Lebih lanjut, korban juga mengalami perubahan sikap. Korban, kata dia, tidak dapat fokus belajar, menarik diri dalam lingkungan sosial dan selalu menyendiri.
“Sangat ada perubahan sikap. Sebelumnya ketika belajar dia biasanya sangat cepat waktu mengerjakan soal, setelah kejadian ini dia tidak fokus kalau duduk pun dia suka ke belakang. Dipindahkan pun dia narik diri dan dia selalu menjauhkan diri dari teman-temannya,” ujarnya.
Setelah kejadian memilukan itu, korban mulai sakit-sakitan. Keluarga pun tak menyerah untuk mendampingi dan memberikan perawatan ekstra bagi korban.

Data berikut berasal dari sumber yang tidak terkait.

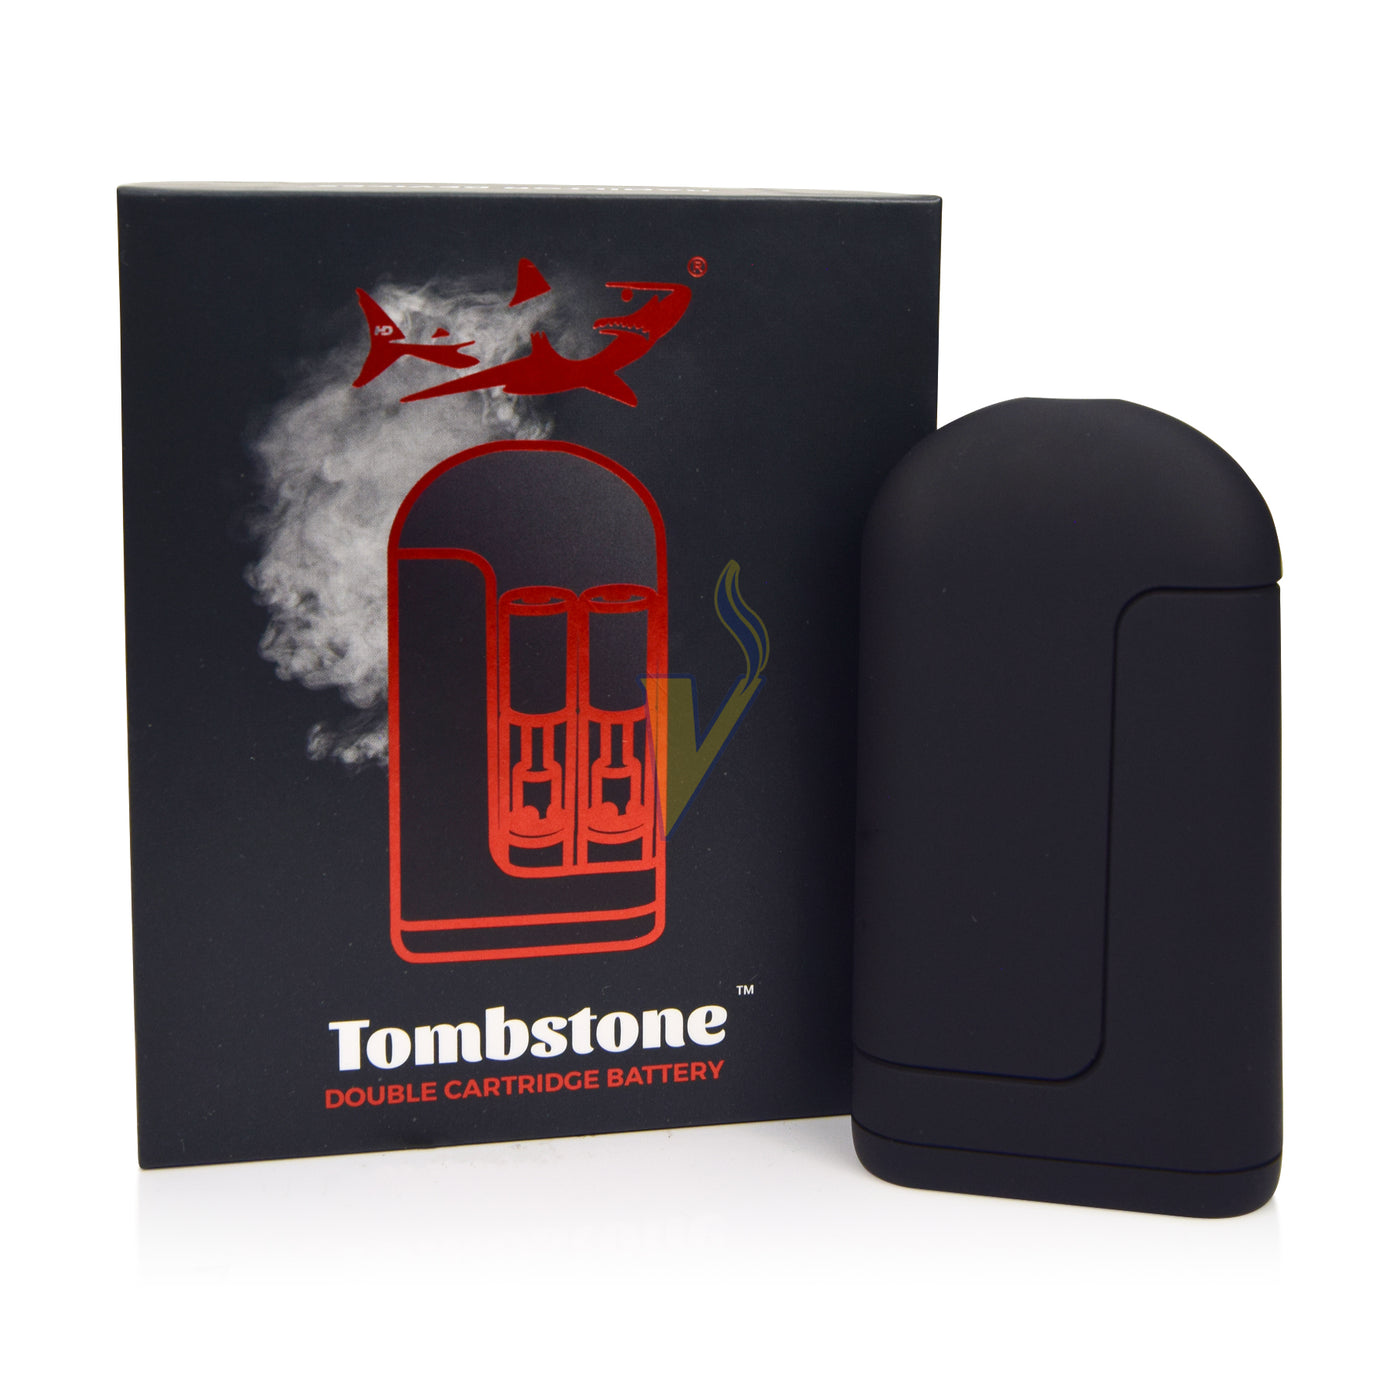 Hamilton Tombstone Double Cartridge Vaporizer Battery
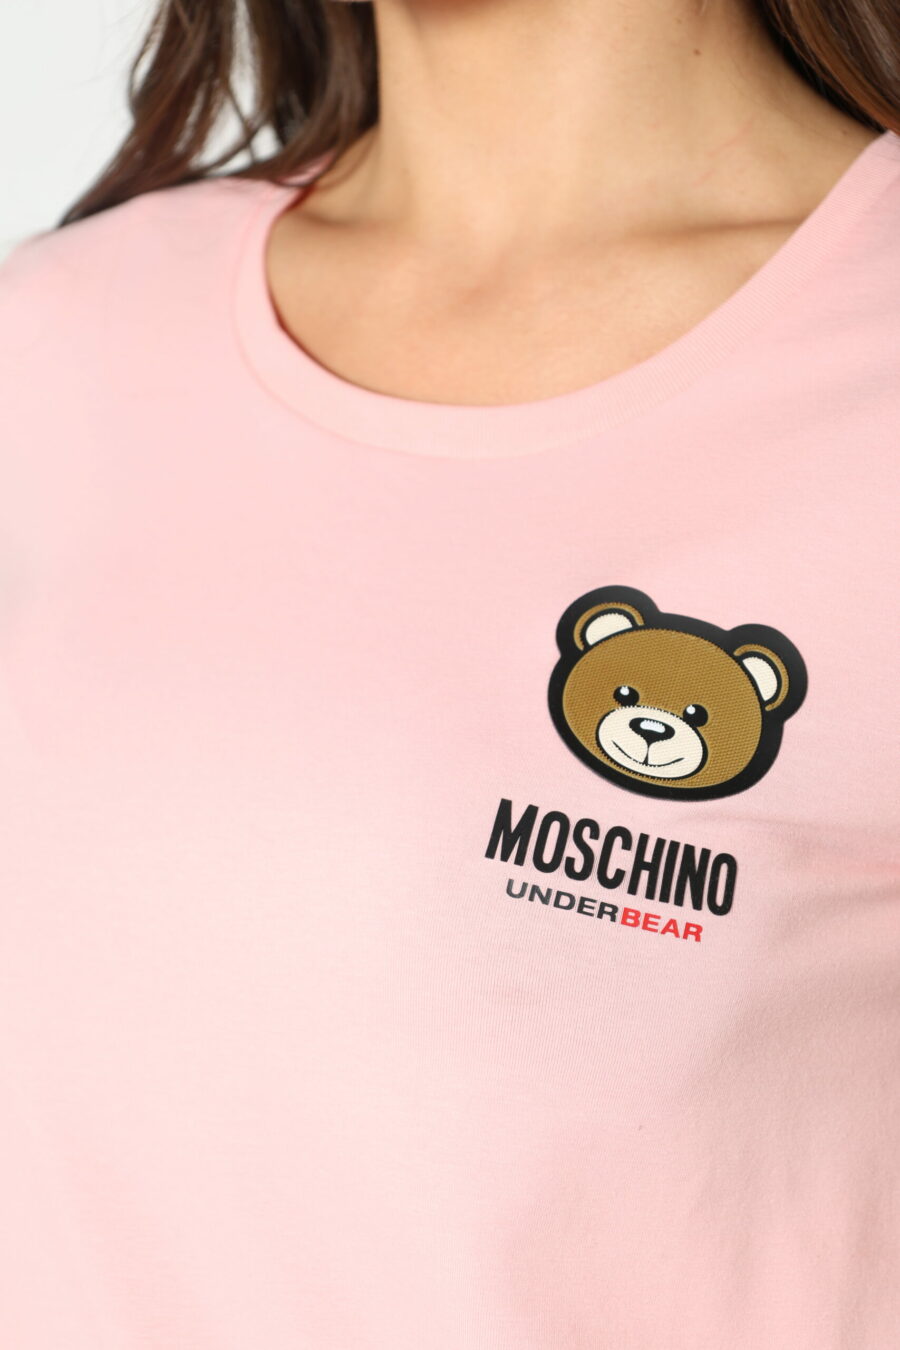 Camiseta rosa con logo parche oso "underbear" - 8052865435499 322 scaled

“Kondisi anak itu waktu selang satu bulan pemerkosaan pernah sakit di vagina ada lendir yang warna hijau, nggak normal dan itu diupayakan dengan minum jamu. Itu sudah mereda cuma dari situ sampai sekarang sering sakit dan jarang sekolah,” ungkapnya.
“Dalam seminggu hanya dua hari sekolah karena dia sakit-sakitan panas. Sampai hari ini sering panas, sudah saya bawa ke puskesmas atau obat dari apotek terdekat,” sambungnya.
Pihaknya sudah menghubungi Komisi Perlindungan Anak Daerah (KPAD) untuk mendapatkan penanganan. SAI juga menambahkan, Kementerian Sosial dan Kementerian PPA juga sudah turun tangan untuk melakukan pendampingan pada korban.
“Saya menghubungi PPAD dan kami ditangani. Alhamdulillah sekarang ada yang datang ke rumah untuk memberikan bimbingan psikologi. Kemarin ada dari Kemensos, KemenPPA, LPSK dan semua instansi terkait yang peduli terhadap anak. Mereka memberikan support uang sangat luar biasa kepada kami dan keluarga,” tutupnya.